Evidence that tenascin and thrombospondin-1 modulate sprouting of endothelial cells.

作者信息

Canfield A E, Schor A M

机构信息

CRC Department of Medical Oncology, Christie Hospital NHS Trust, Manchester, UK.

出版信息

J Cell Sci. 1995 Feb;108 ( Pt 2):797-809. doi: 10.1242/jcs.108.2.797.

DOI:10.1242/jcs.108.2.797
PMID:7539439
Abstract

Cultured endothelial cells undergo a reversible transition from a resting (cobblestone) phenotype to an angiogenic (sprouting) phenotype. This transition mimics the early events of angiogenesis. We have previously reported that the addition of exogenous xylosides inhibits endothelial cel sprouting and modifies the extracellular matrix (ECM) synthesised by the cells. We have now investigated whether endothelial sprouting is mediated by the nature of the extracellular matrix in contact with the cells.
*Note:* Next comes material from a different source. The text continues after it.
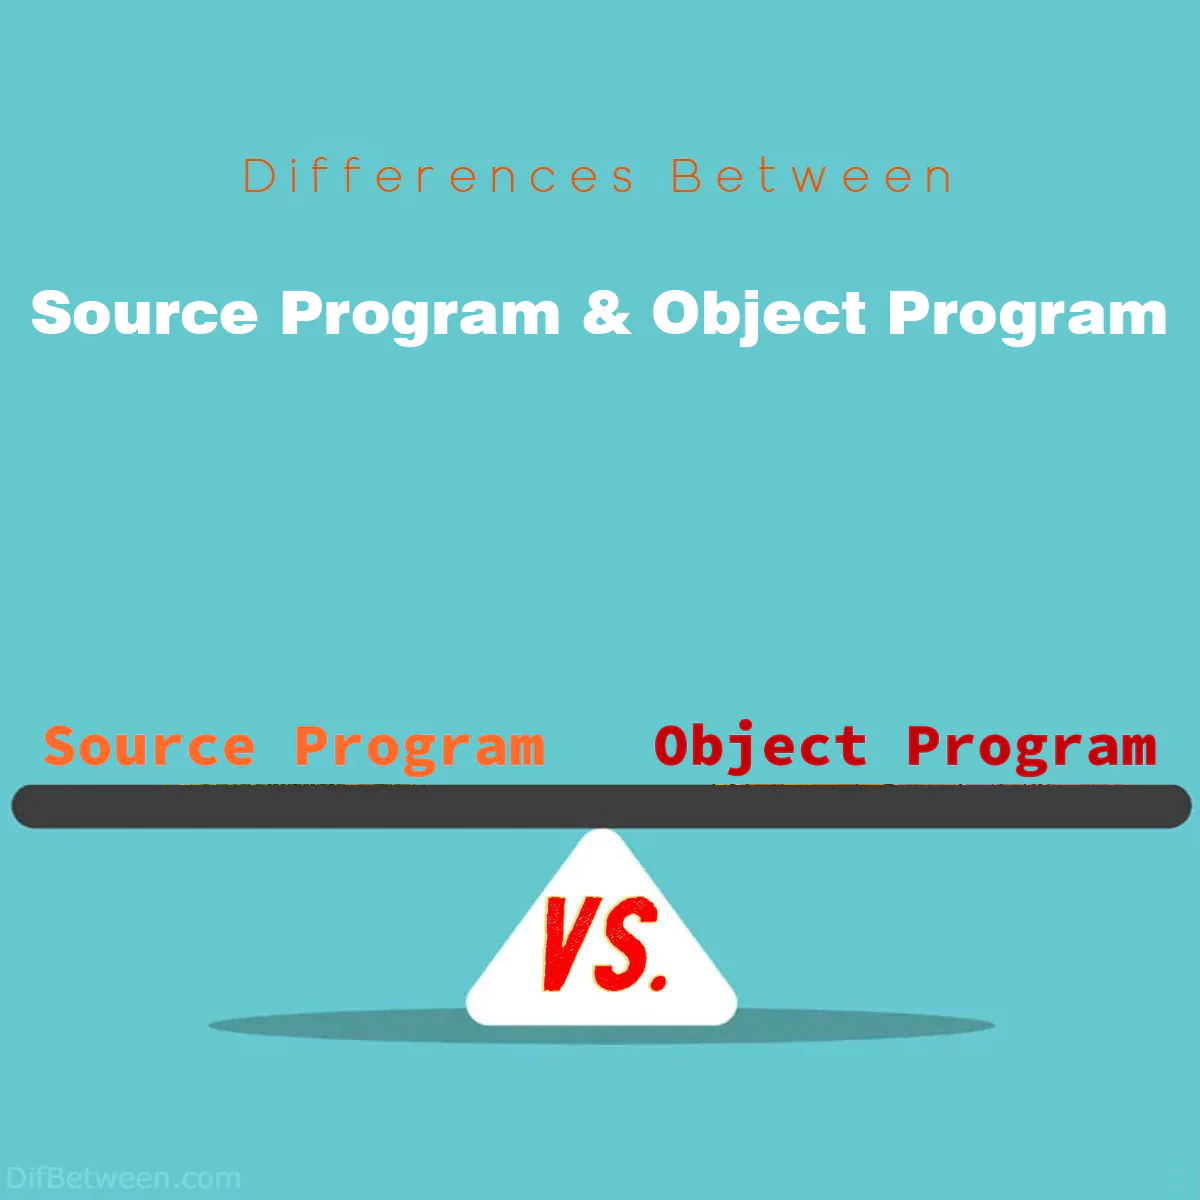 Differences Between Source Program and Object Program

Accordingly, cell-free matrices deposited by bovine aortic endothelial cells (BAEC) were isolated. These matrices were produced under conditions in which the formation of the sprouting phenotype was permitted (controls) or inhibited (by the addition of exogenous xylosides). BAEC were then plated on these matrices and grown under conditions which promote sprouting. Sprouting proceeded normally on control matrices, whereas it was inhibited when the cells were grown on matrices deposited in the presence of xylosides. The composition of the permissive and inhibitory matrices was then analysed. Inhibitory matrices contained reduced levels of tenascin and increased levels of thrombospondin-1 by comparison to the permissive matrices. In contrast, no differences were detected in the relative levels of laminin. The roles of tenascin and thrombospondin-1 in endothelial sprouting were confirmed using specific antibodies. Immunolocalisation studies revealed the presence of both proteins in sprouting cells. Antibodies to tenascin inhibited the formation of sprouting cells on permissive matrices and on gelatin-coated dishes without affecting cell growth. Tenascin synthesis was increased when sprouting cells were present in the cultures. Antibodies to thrombospondin-1 stimulated sprouting on inhibitory matrices. These results suggest that the transition from a resting to a sprouting phenotype is promoted by tenascin and inhibited by thrombospondin-1.

摘要

培养的内皮细胞会经历从静止(鹅卵石样)表型到血管生成(发芽)表型的可逆转变。这种转变模拟了血管生成的早期事件。我们之前报道过,添加外源性木糖苷会抑制内皮细胞发芽,并改变细胞合成的细胞外基质(ECM)。我们现在研究了内皮细胞发芽是否由与细胞接触的细胞外基质的性质介导。因此,分离了牛主动脉内皮细胞(BAEC)沉积的无细胞基质。这些基质是在允许发芽表型形成的条件下(对照)或被抑制的条件下(通过添加外源性木糖苷)产生的。然后将BAEC接种在这些基质上,并在促进发芽的条件下培养。在对照基质上发芽正常进行,而当细胞在存在木糖苷的情况下沉积的基质上生长时,发芽受到抑制。然后分析了允许性和抑制性基质的组成。与允许性基质相比,抑制性基质中腱生蛋白水平降低,血小板反应蛋白-1水平升高。相比之下,层粘连蛋白的相对水平未检测到差异。使用特异性抗体证实了腱生蛋白和血小板反应蛋白-1在内皮细胞发芽中的作用。免疫定位研究揭示了这两种蛋白在发芽细胞中的存在。针对腱生蛋白的抗体抑制了允许性基质和明胶包被培养皿上发芽细胞的形成,而不影响细胞生长。当培养物中存在发芽细胞时,腱生蛋白的合成增加。针对血小板反应蛋白-1的抗体刺激了抑制性基质上的发芽。这些结果表明,从静止表型到发芽表型的转变由腱生蛋白促进,而由血小板反应蛋白-1抑制。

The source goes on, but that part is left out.